┌─ DATA SECTION

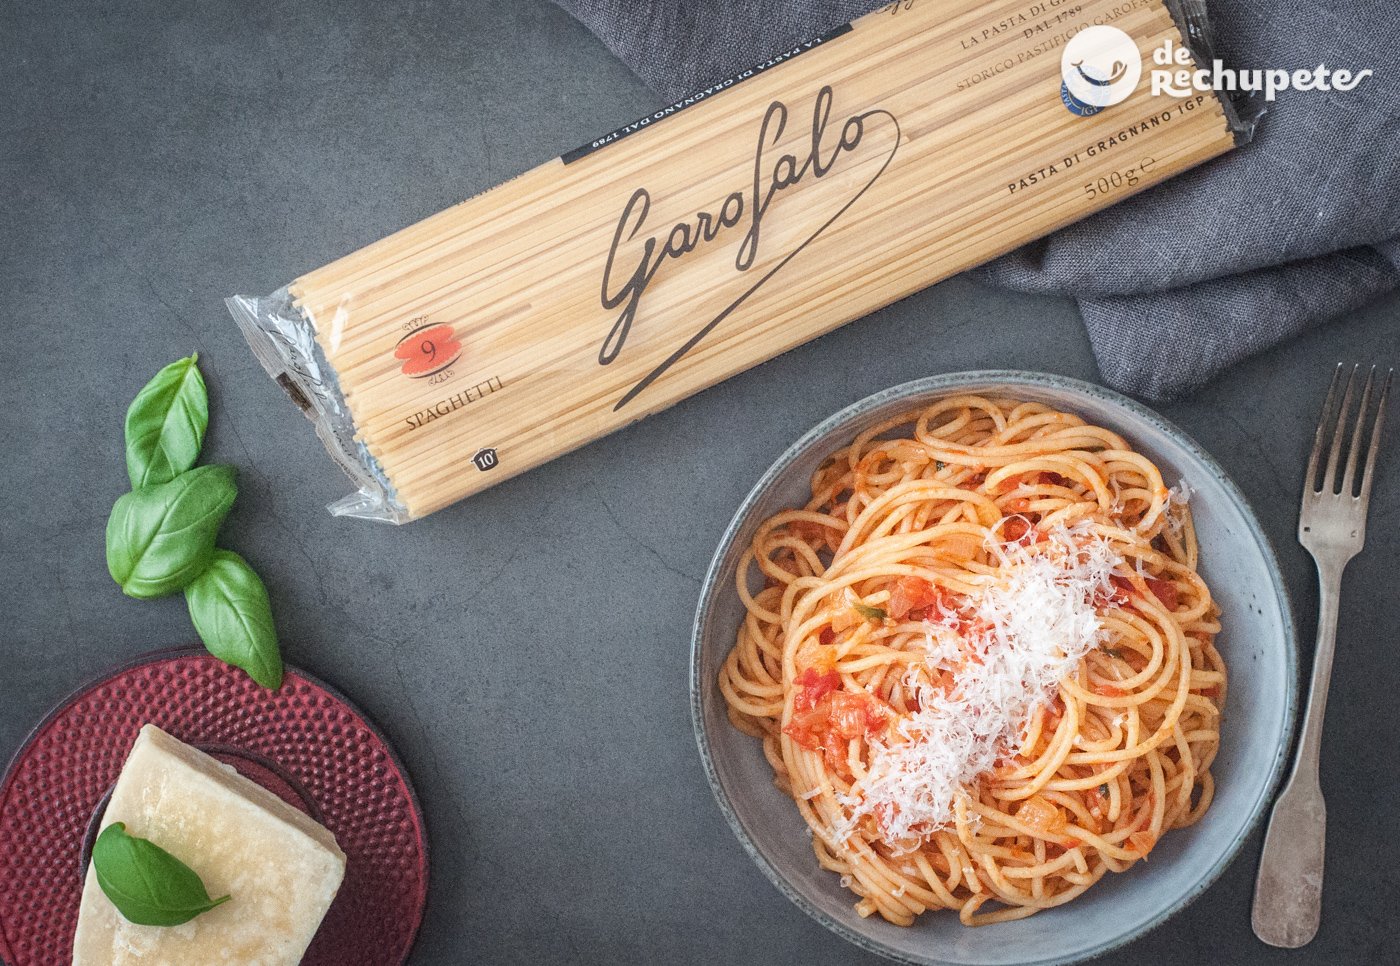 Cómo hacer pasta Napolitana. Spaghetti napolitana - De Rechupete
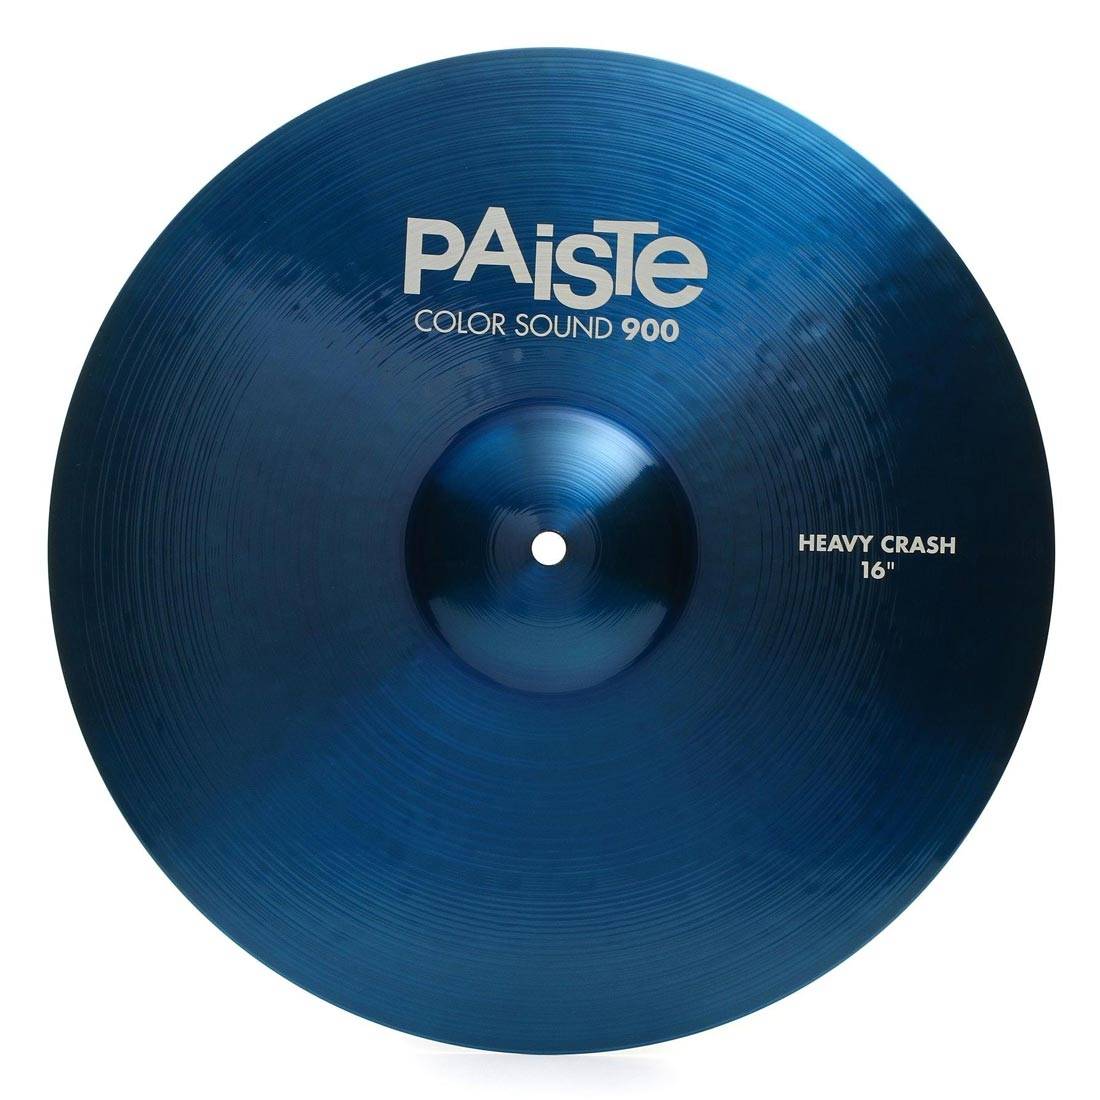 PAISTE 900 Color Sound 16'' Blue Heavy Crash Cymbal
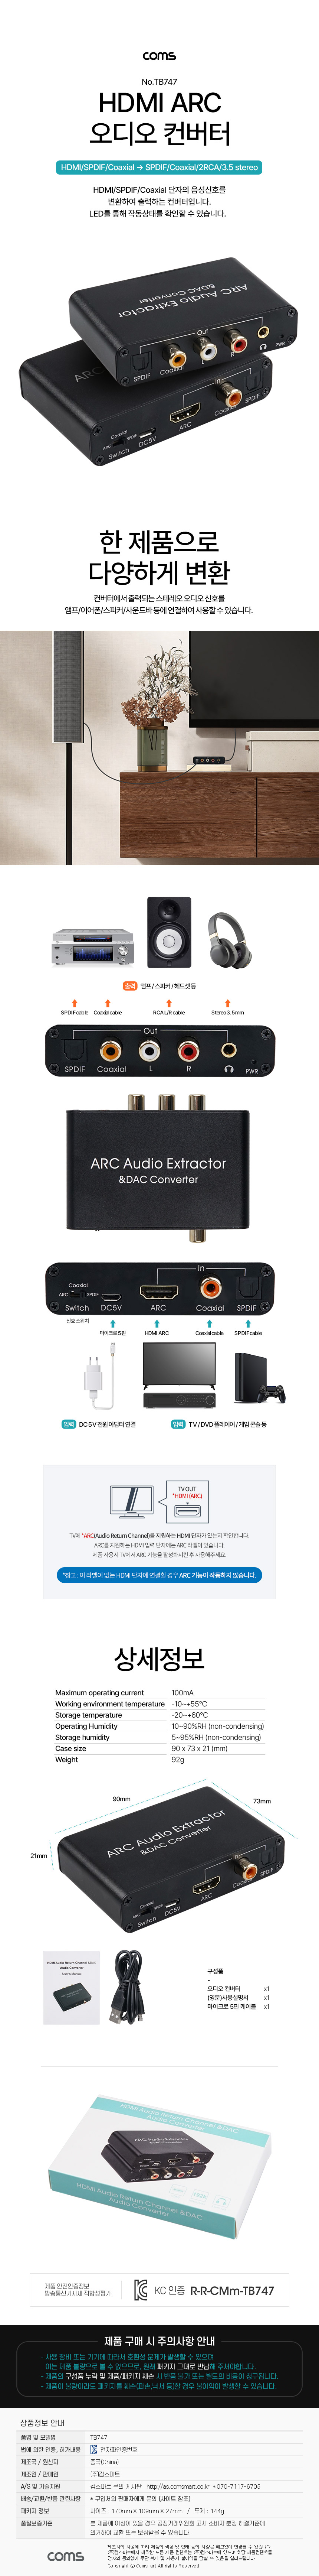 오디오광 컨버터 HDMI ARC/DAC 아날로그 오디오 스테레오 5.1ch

└─

Copy out all the data exactly. The images should not appear in the copy.

**RESPONSE FOR THIS EXERCISE**
 Cómo hacer pasta Napolitana. Spaghetti napolitana - De Rechupete
 PAISTE 900 Color Sound 16'' Blue Heavy Crash Cymbal
 오디오광 컨버터 HDMI ARC/DAC 아날로그 오디오 스테레오 5.1ch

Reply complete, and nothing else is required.